Kenya’s asset recovery framework, anchored in the Proceeds of Crime and Anti-Money Laundering (POCAMLA) Act 2009 and strengthened by 2017 amendments, has also made strides through the Assets Recovery Agency (ARA) and Ethics and Anti-Corruption Commission (EACC). However, the report highlights that overlapping mandates and weak coordination continue to undermine results.

EACC’s 2023/24 annual report shows the commission filed 47 new civil suits to recover assets worth Sh9.2 billion and successfully recovered Sh2.9 billion in illegal wealth.
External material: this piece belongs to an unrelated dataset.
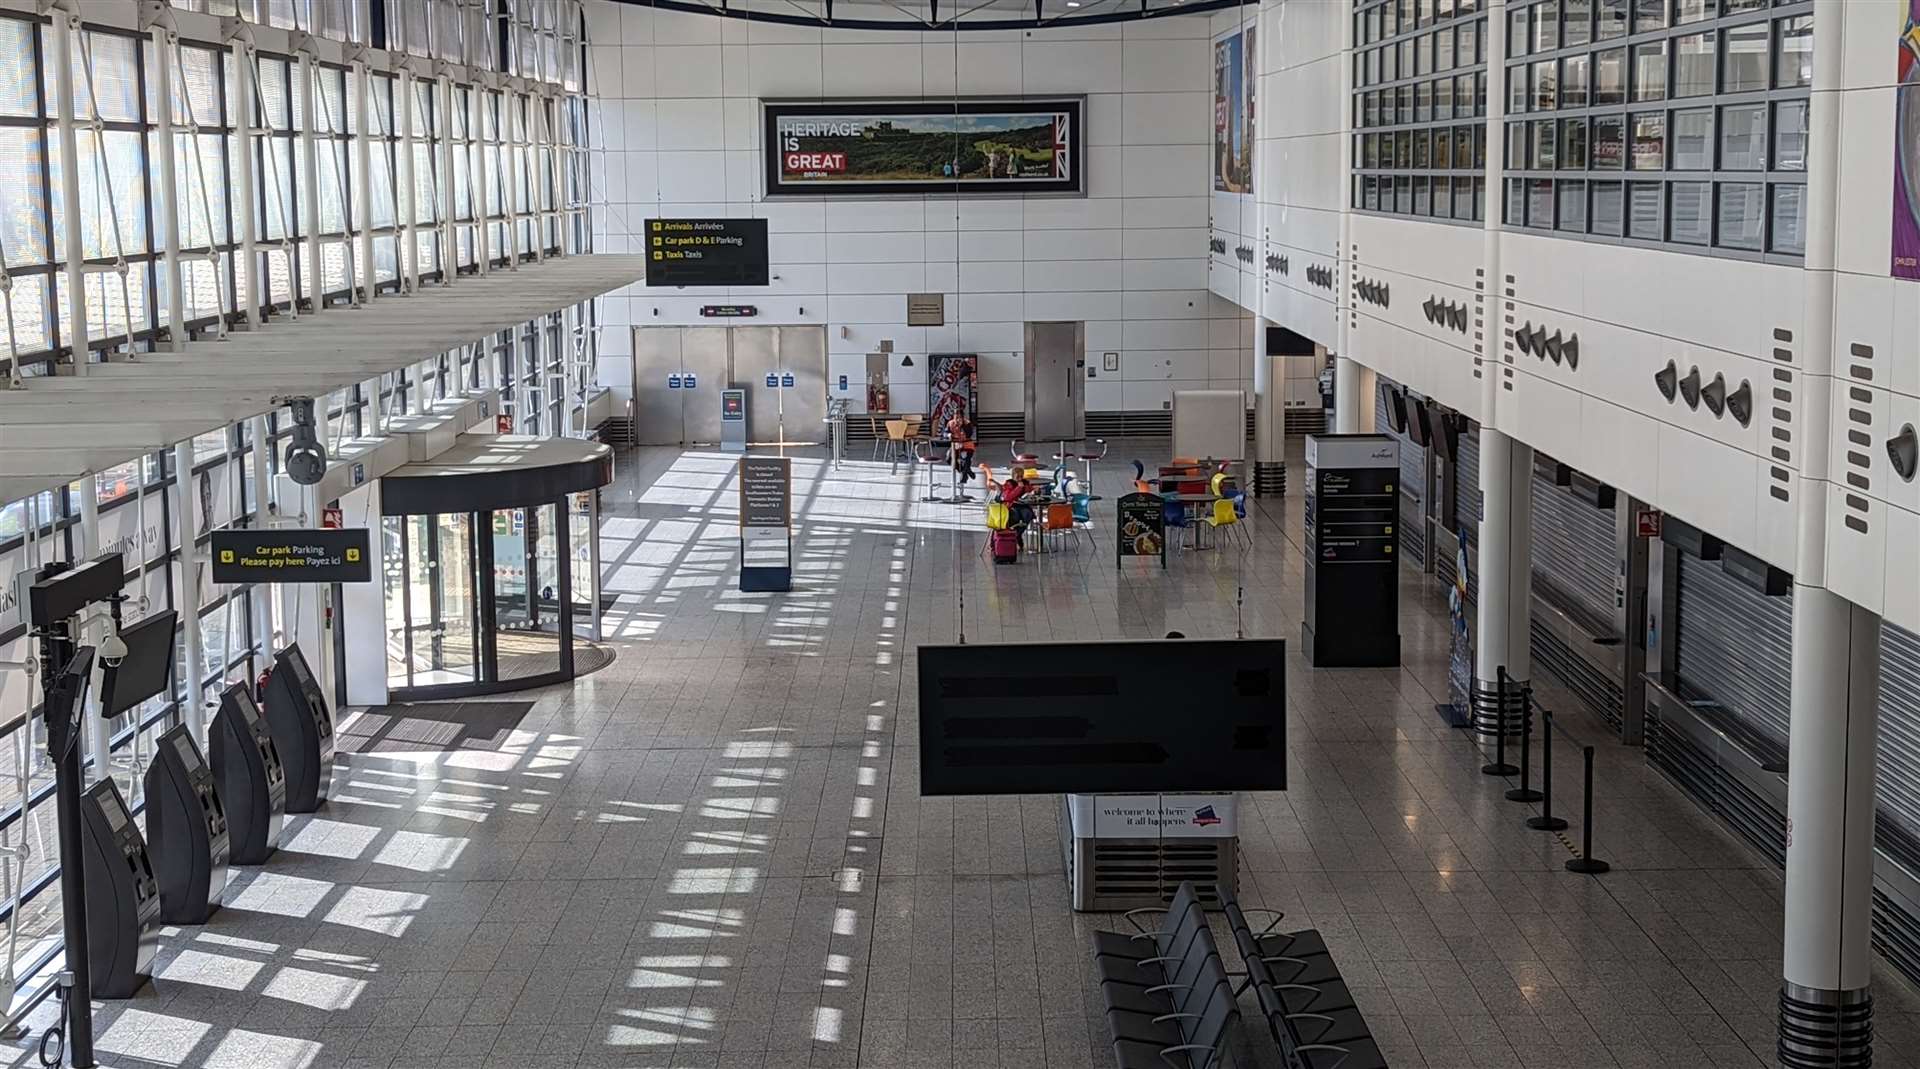 The international terminal sits largely deserted

It also traced Sh6.63 billion in public property currently under recovery and filed 62 additional civil suits targeting assets estimated at Sh8.73 billion, including land and cash.
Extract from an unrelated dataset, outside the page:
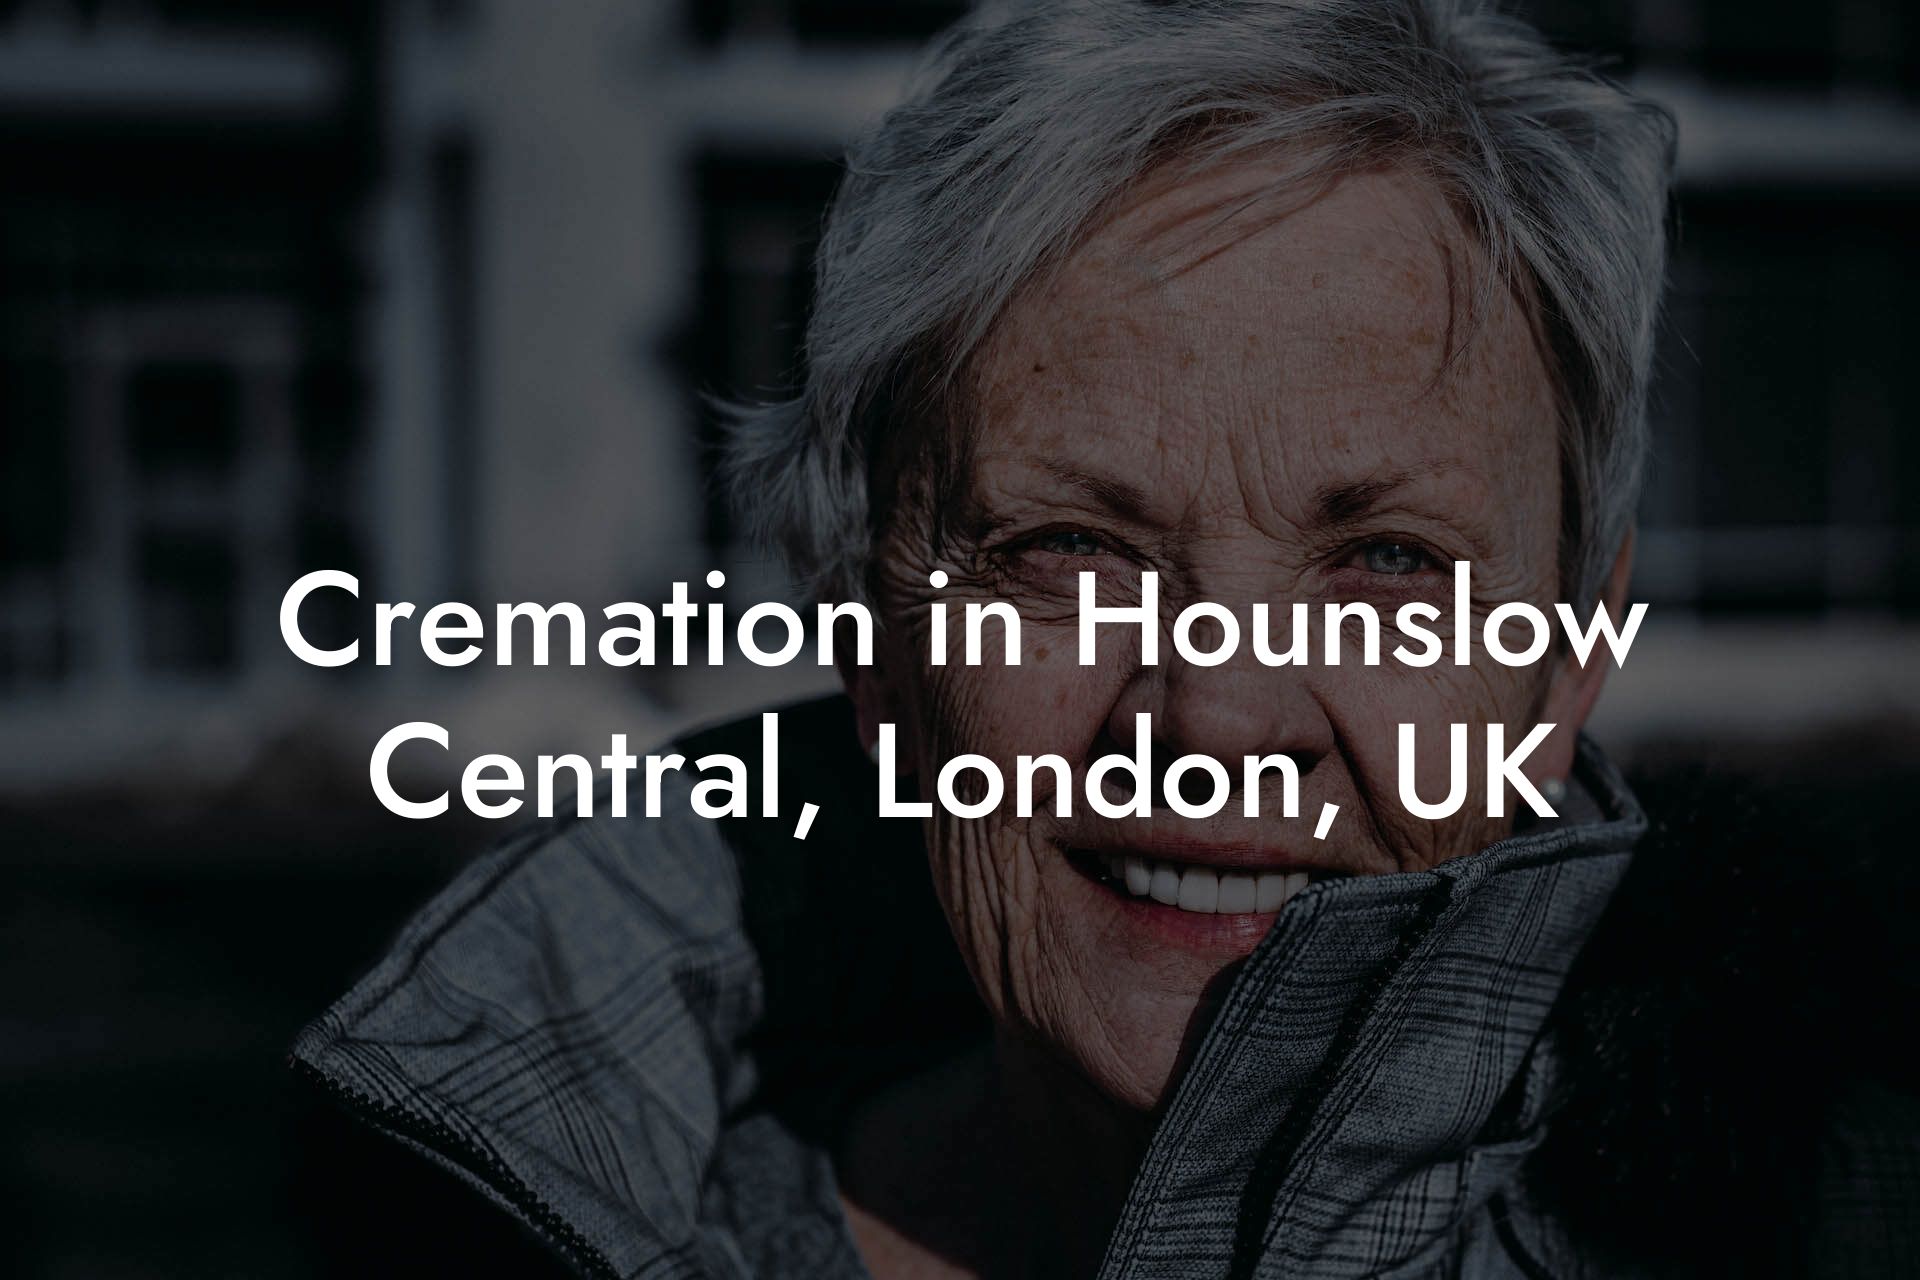 Cremation in Hounslow Central, London, UK

Major targets included Tana Athi Water Works Development Agency (Sh26.7 billion), Kenya Electricity Transmission Company (Sh18.5 billion), Ministry of Health (Sh10.2 billion), Tourism Fund (Sh8.5 billion) and Kenya Railways Staff Retirement Benefits Scheme (Sh8 billion).
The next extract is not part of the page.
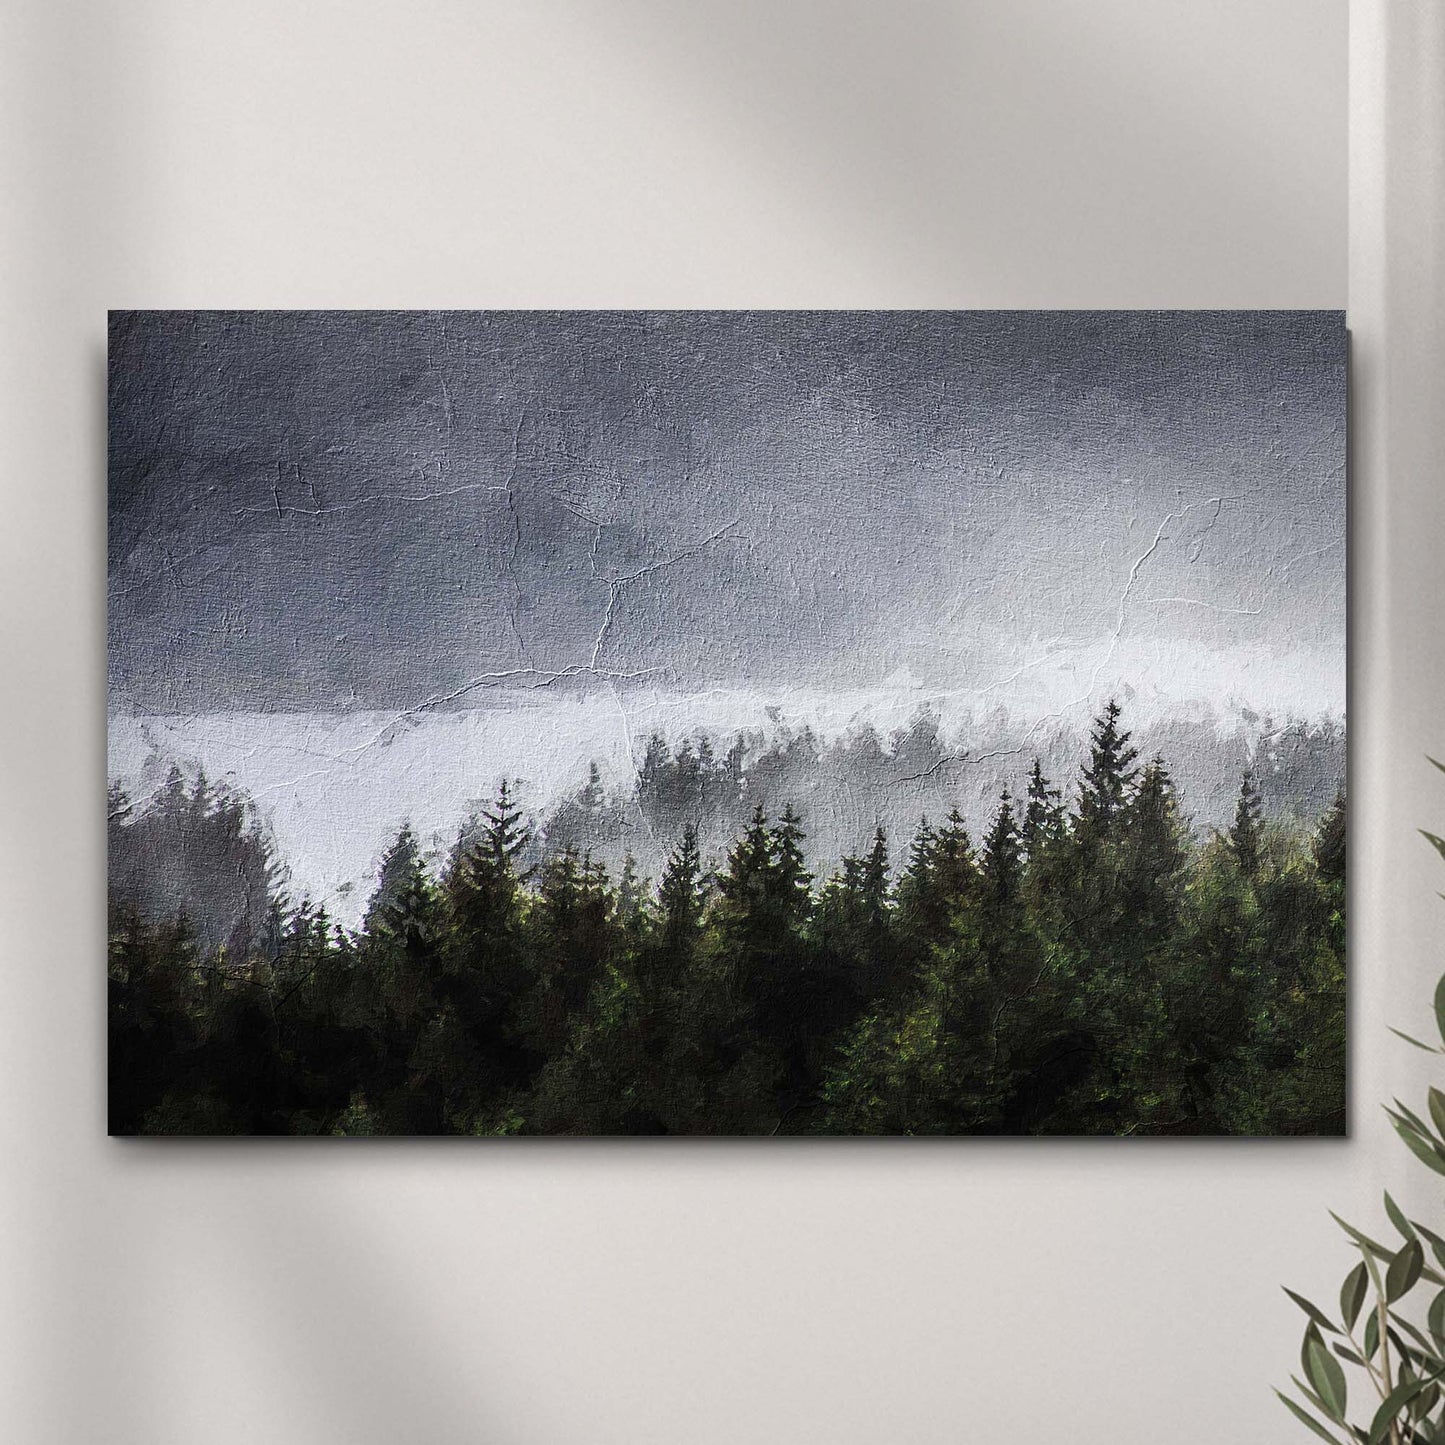 Into The Mist Among The Forest Canvas Wall Art - Image by Tailored Canvases

The report further notes that the Companies Act 2015 and its Beneficial Ownership Regulations require disclosure of individuals who control 10 per cent or more of a company. However, restricted public access to the register limits oversight by journalists and civil society.

Without public access, TI Kenya notes that programmes such as the Access to Government Procurement Opportunities (AGPO), which reserves 30 per cent of public contracts for women, youth and persons with disabilities, remain vulnerable to manipulation by politically connected entities using proxies.

TI Kenya’s comparative analysis under the African Union Convention on Preventing and Combating Corruption (AUCPCC) found that while Kenya has strong laws, enforcement remains weak. The report rates Access to Information at 3.3, Asset Recovery at 3.7, Beneficial Ownership at 3.3 and Whistleblower Protection at 3.0.

The findings recommend full digitisation of public records, clearer inter-agency coordination, and urgent passage of the Whistleblower Protection Bill. The report also revealed that Kenya’s Anti-Corruption Court currently has only one voice distortion machine, highlighting the limited resources available to protect whistleblowers.